Early history of The Seminole Tribe
After the Spanish conquest in the 16th century, the indigenous people of Florida were
decimated by disease, and it is believed that the few survivors were evacuated by the
Spanish to Cuba when Florida fell under British rule in 1763.
In the early 18th century, members of the Lower Creek Nation began migrating into Florida
to remove themselves from the dominance of the Upper Creeks, and intermingled with the few
remaining indigenous people there, including the Yuchi, Yamasee, and others. They went on
to be called "Seminole", a derivative of the Mvskoke (a Creek language) word
simano-li, an adaptation of the Spanish "cimarrón" which means "wild"

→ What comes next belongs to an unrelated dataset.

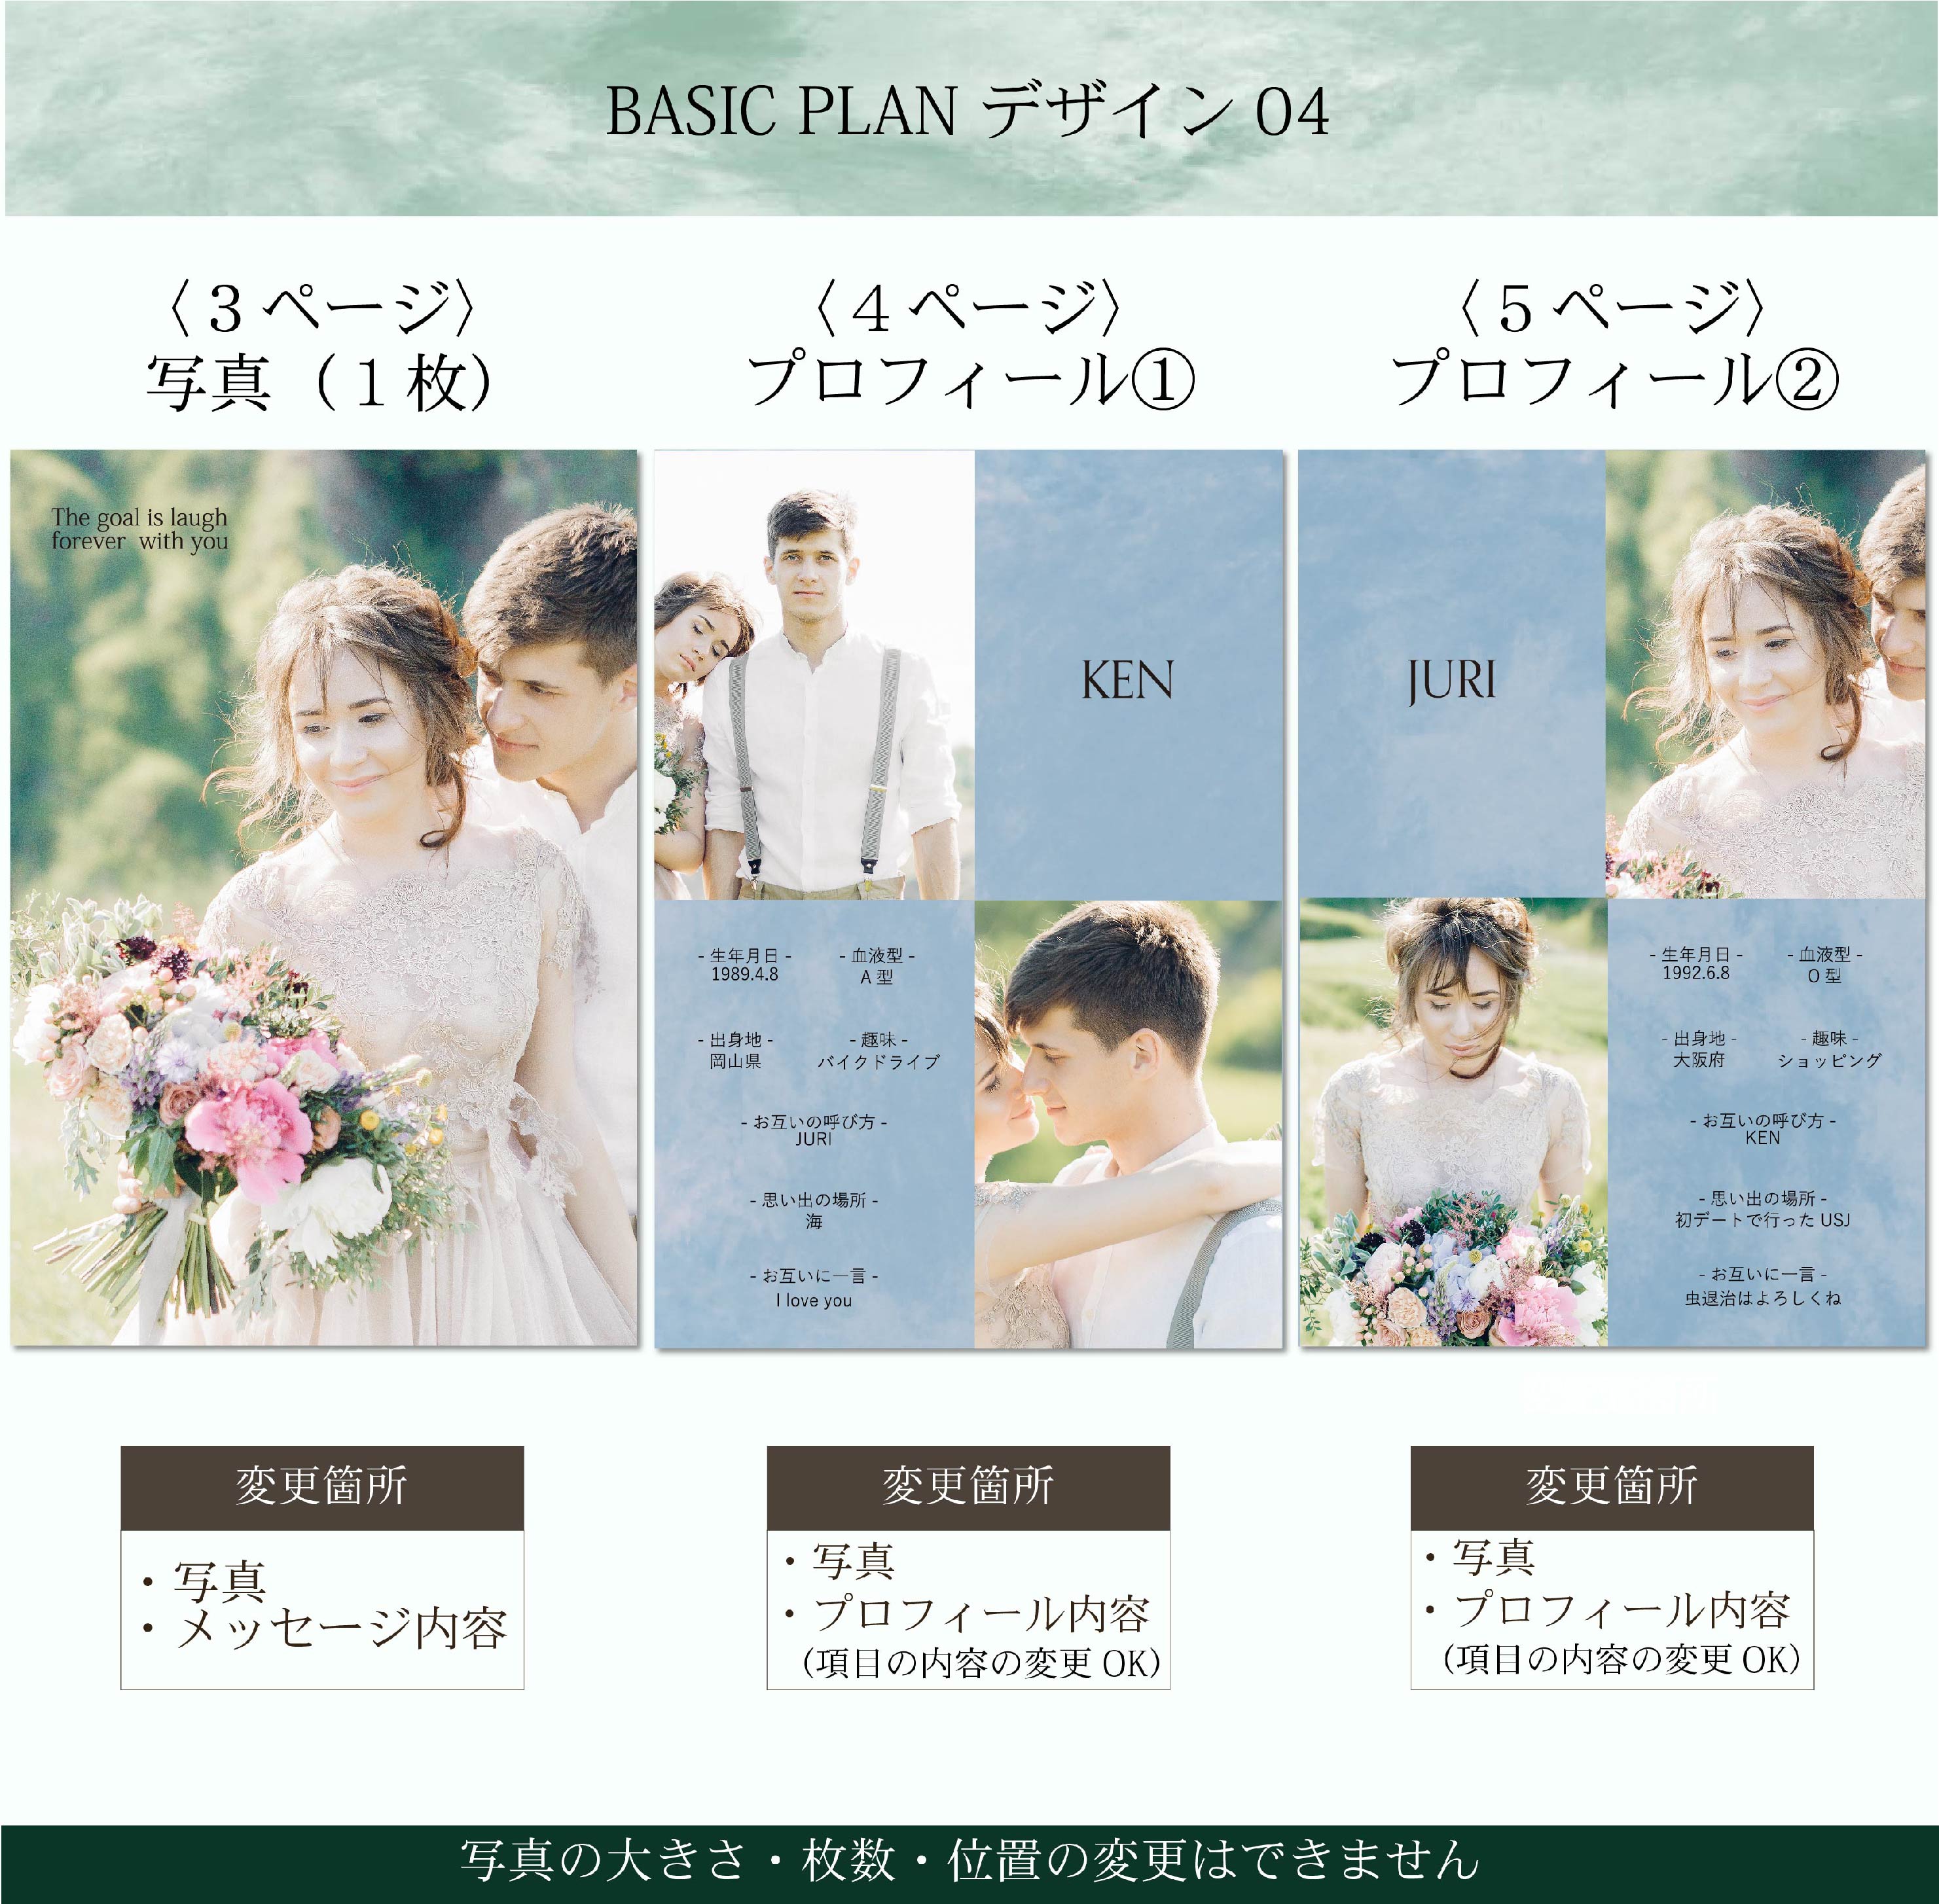 【プロフィールブック】BASIC PLAN - 04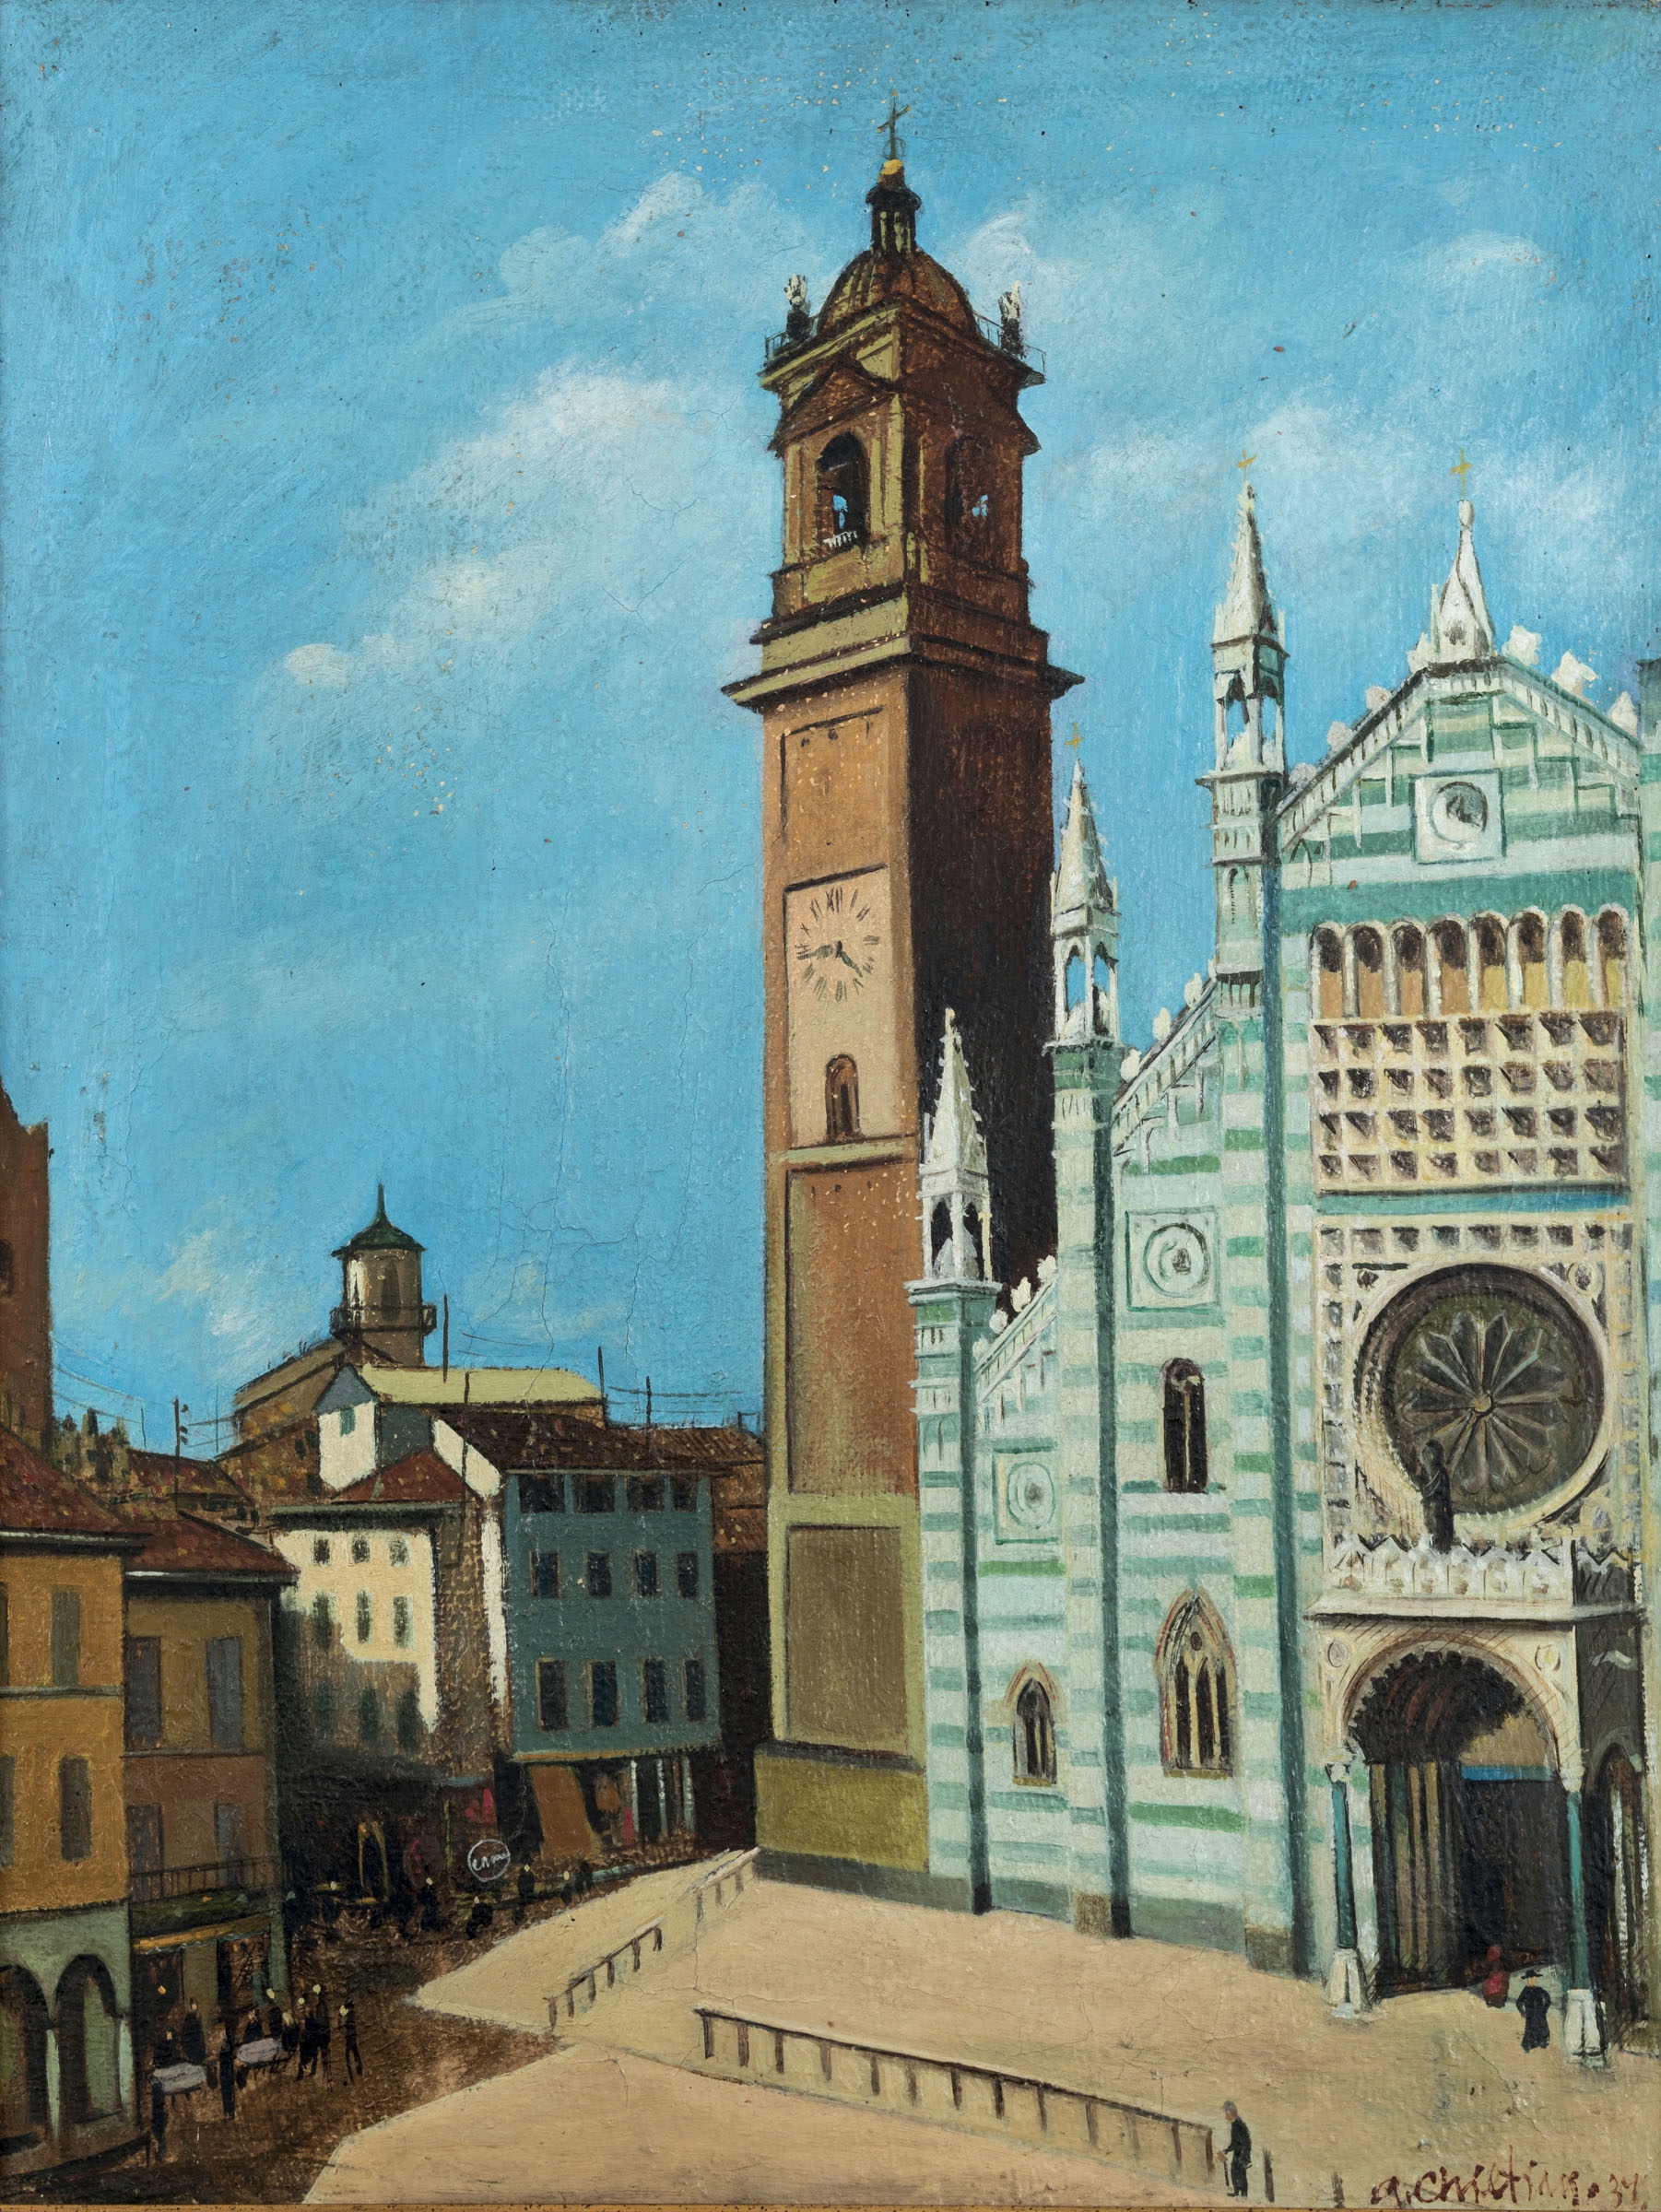 Duomo di Monza by Gregorio Sciltian, 1939

(in their case, "wild men"), or "runaway" [men]. The Seminole were a
heterogeneous tribe made up of mostly Lower Creeks from Georgia, Mikasuki-speaking
Muskogees, and escaped African American slaves, and to a lesser extent, white Europeans
and Indians from other tribes. The unified Seminole spoke two languages, Creek and
Mikasuki (a modern dialect similar to Hitchiti), two different members of the Muskogean
Native American languages family, a language group that also includes Choctaw and
Chickasaw. It is largely on linguistic grounds that the modern Miccosukee Tribe of Indians
of Florida maintain their separate identity today.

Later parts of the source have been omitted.